Monday, March 30, 2009

Stinky Pinky

I survived my trigger finger surgery.

The hand surgeon gave me some false expectations regarding recovery, so I keep thinking something is very, very wrong because I can't bend my pinky without pain. (He had me thinking I'd be playing my guitar within a few days.)

I just had the surgery on Wednesday. Which means it's only been 4 days since I was knifed! Pretty soon, my pinkie is going to start pulling her weight around here, and when she does and I become more agile with the typing, I've got some strange hospital-stay happenings to report.

Preview One example: While in the recovery room, I asked my surgeon if he had other surgeries like mine later that day and he replied, "No.

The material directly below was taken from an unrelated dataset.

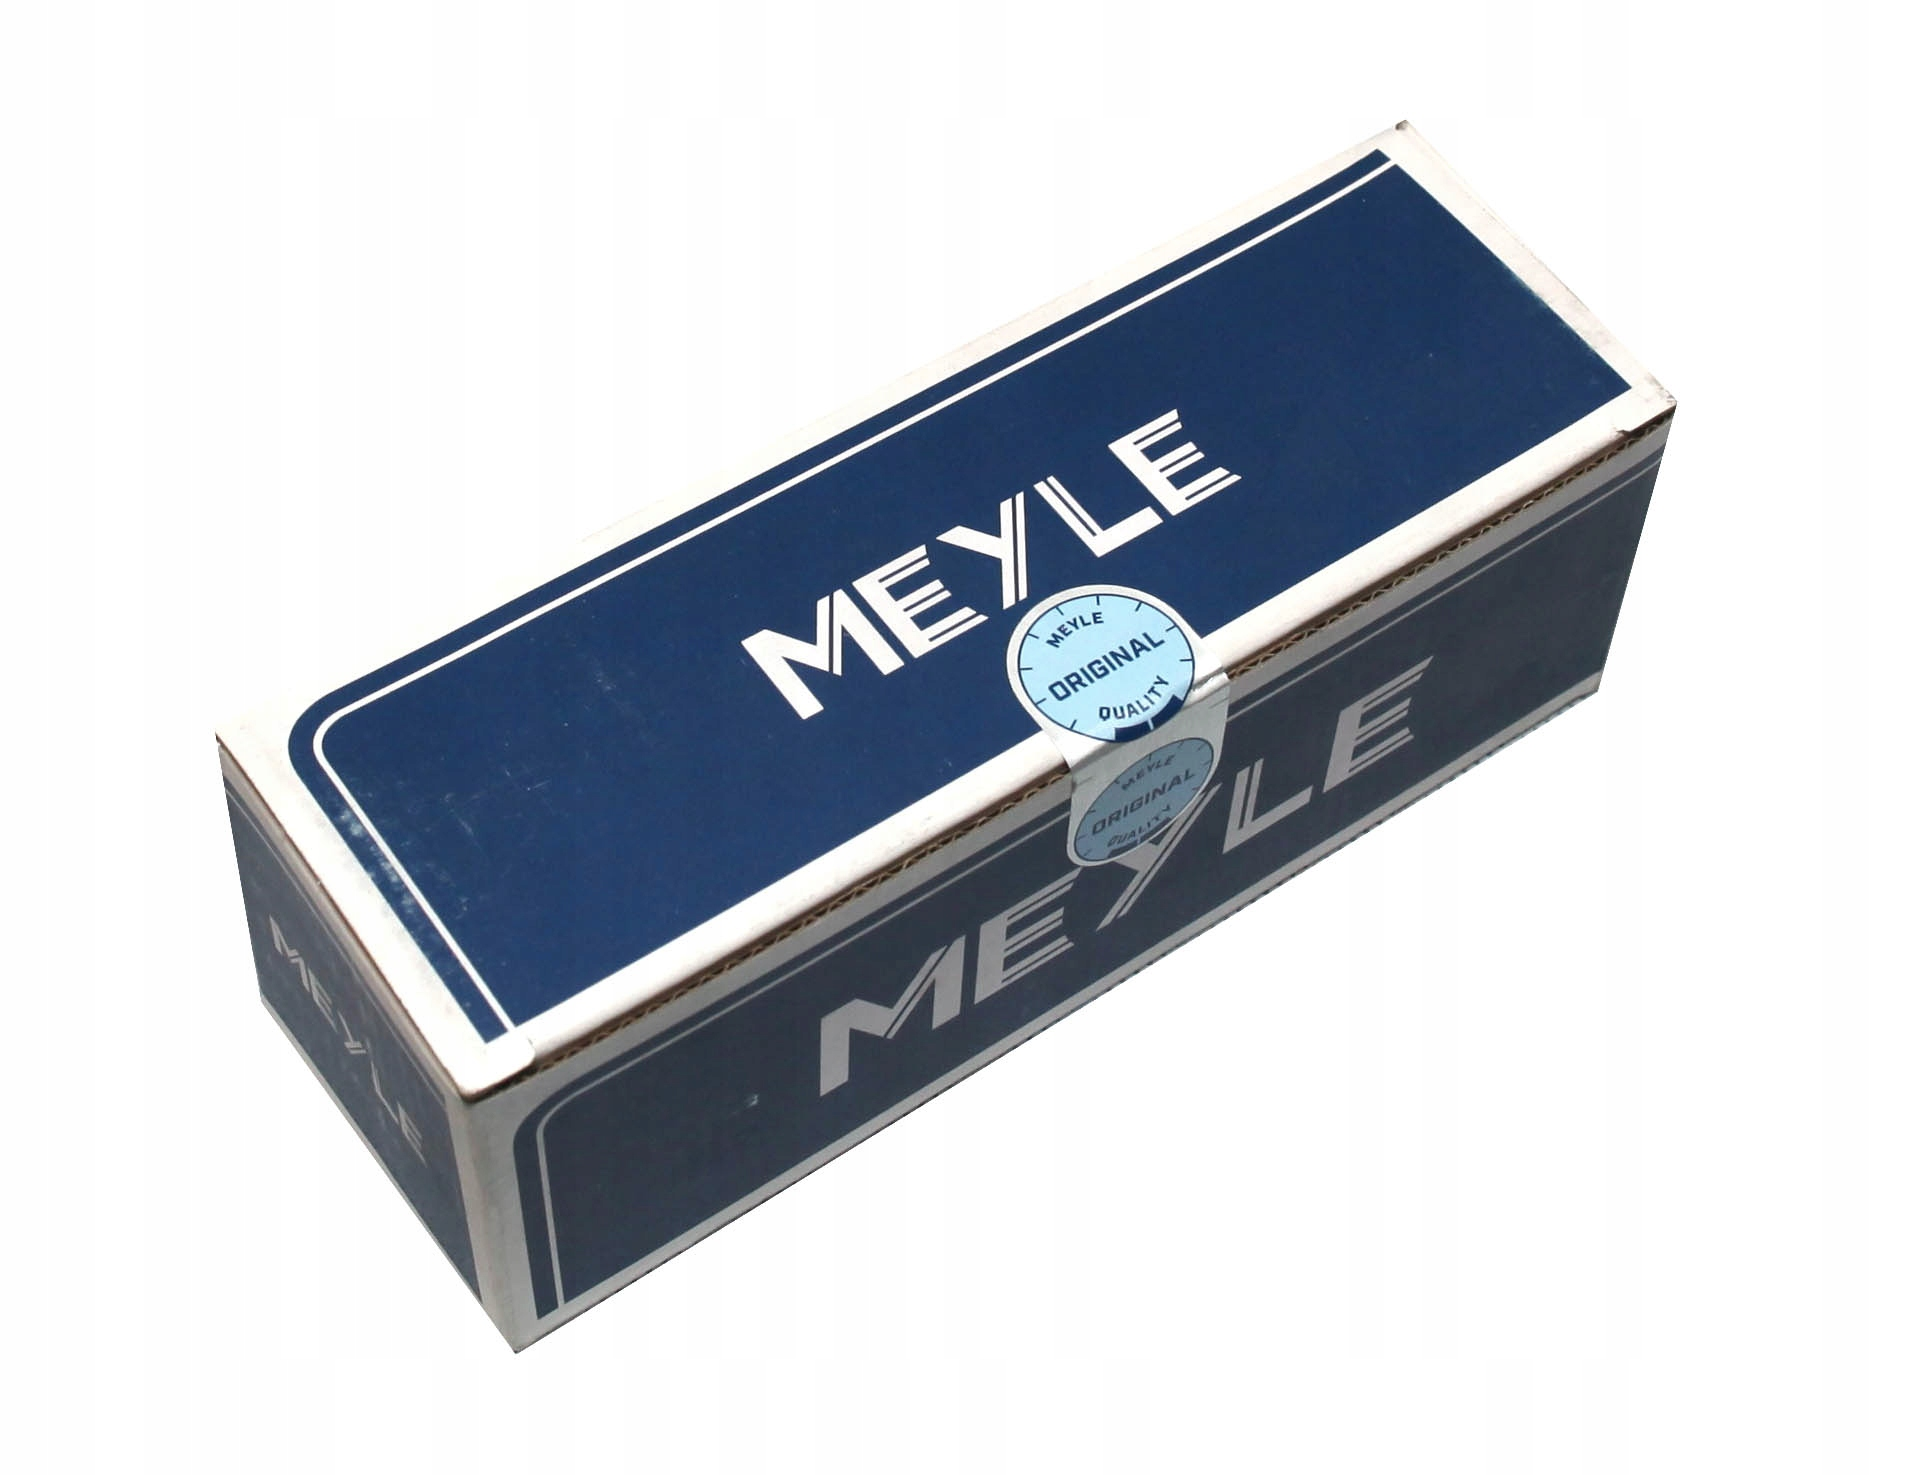 16-16 060 0011/HD MEYLE CONNECTOR STABILIZER OPEL

Not like yours. But I do have a hairy one coming up. It's a revision. I don't normally have to go back in, but something just didn't go right on this one. Now I have to reset the bone." Awesome to hear, right after this man had just stitched me up. Hopefully he doesn't consider my hand "hairy". I pray for NO REVISIONS.

Friday, March 27, 2009

MOM

I firmly believe that no one loves you like your mom. I know for sure this is the case for me, anyway.

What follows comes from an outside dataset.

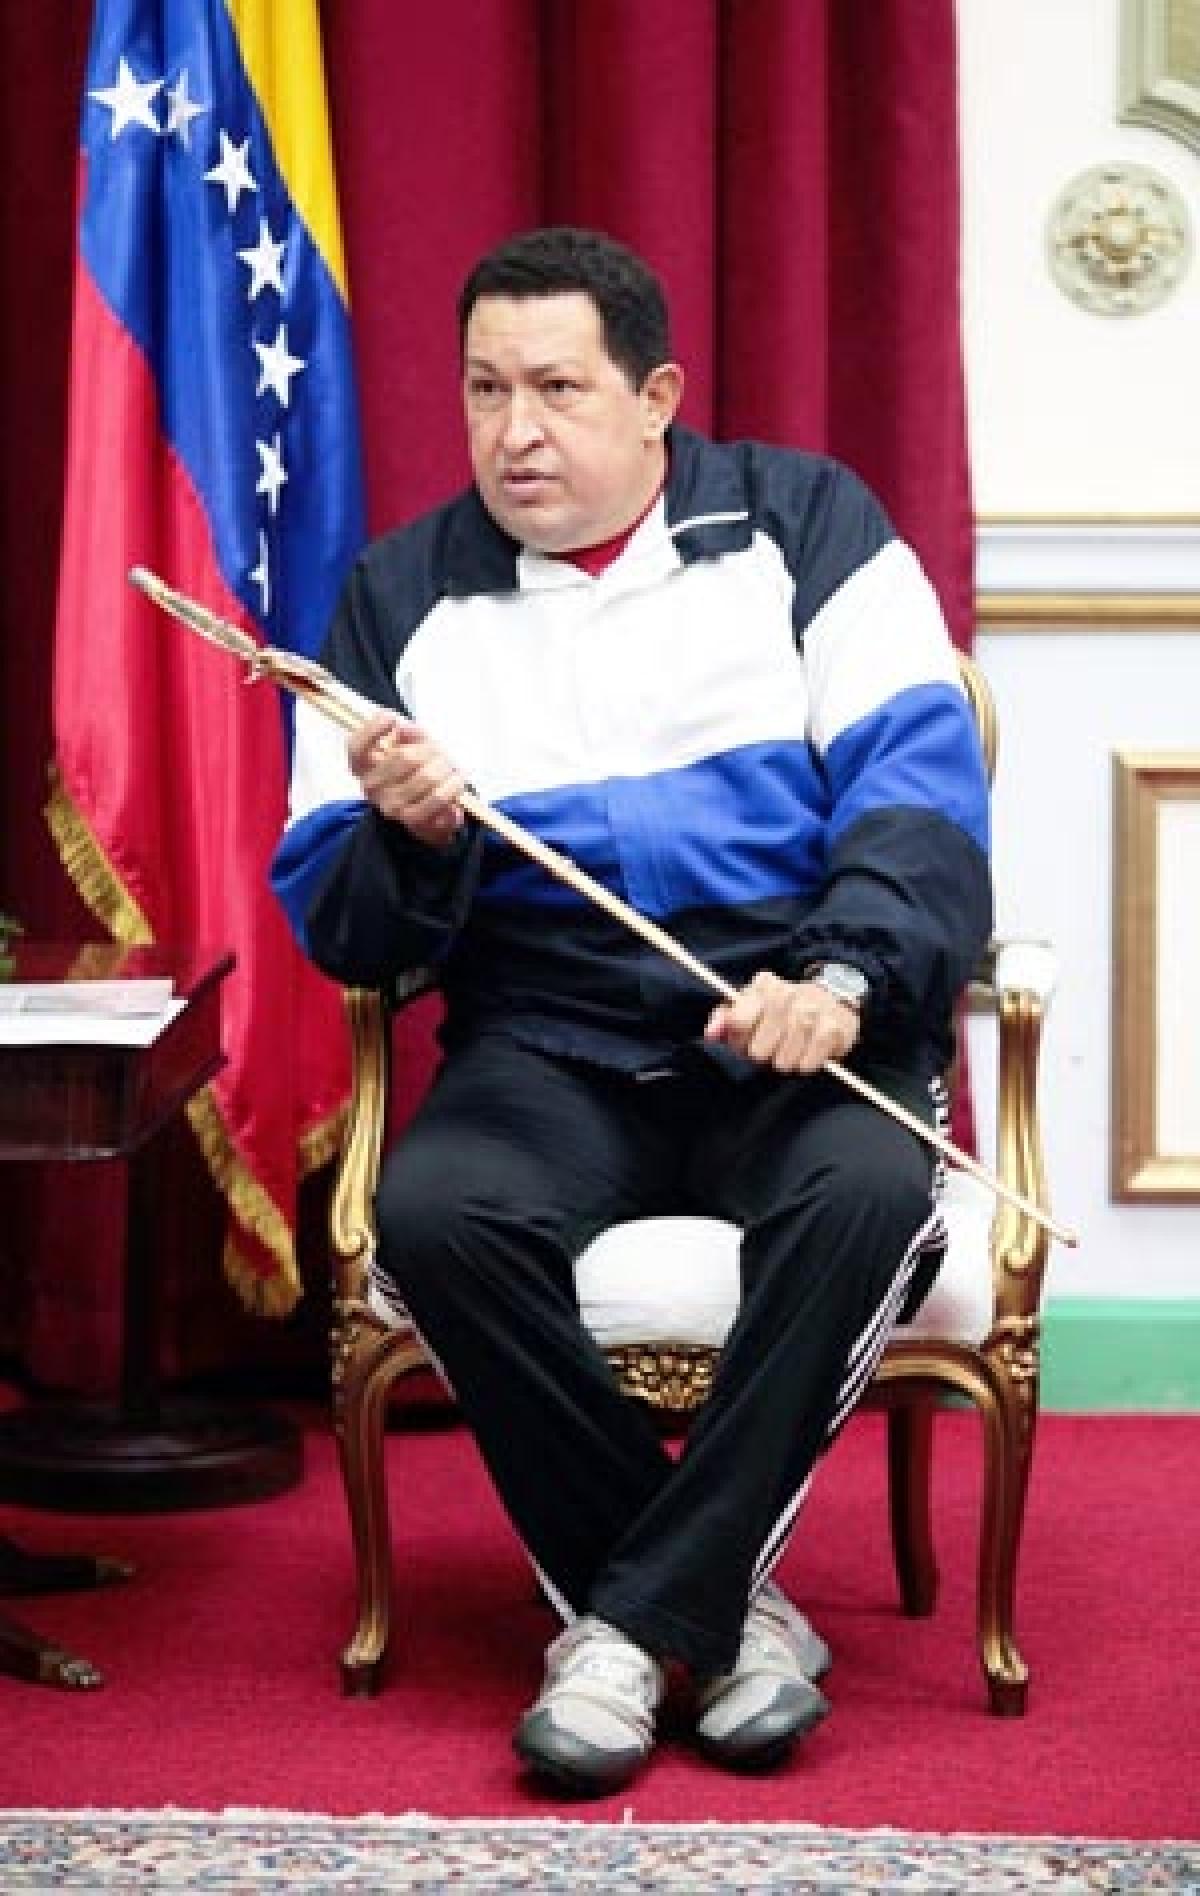 WORLD MOURNS CHAVEZ

I have so many great memories of Mom. One in particular I thought of this morning. It's just a small snapshot of a day, but I think of it often because it represents the way Mom made me feel. And it is this~

Mom had coffee with her friends every Friday morning. They'd meet up at a la Madeleine near her house. She'd invite me along, but usually I didn't go. They met sort of early, on the other side of town from me, and it just wasn't something I usually thought to do. I remember one morning I did happen to show up, though. I saw the table of her and a group of about 10 other ladies. I so vividly remember her turning to see me as I walked over to her and with such a happy and surprised look she said, "Well, there she is!", and pulled up a chair for me to sit right beside her. It seemed so sweet to me, because I saw my mom so often, and talked to her daily but yet, me showing up for coffee somehow brought her such joy. I would've thought with so many friends there, my being there wouldn't have really added much. But Mom made it clear how much she loved having me beside her, along with her big group of friends.

Like I said, it was just a little moment, but one that I have thought of often. And it makes me so happy, because I remember, THAT is how Mom loved me.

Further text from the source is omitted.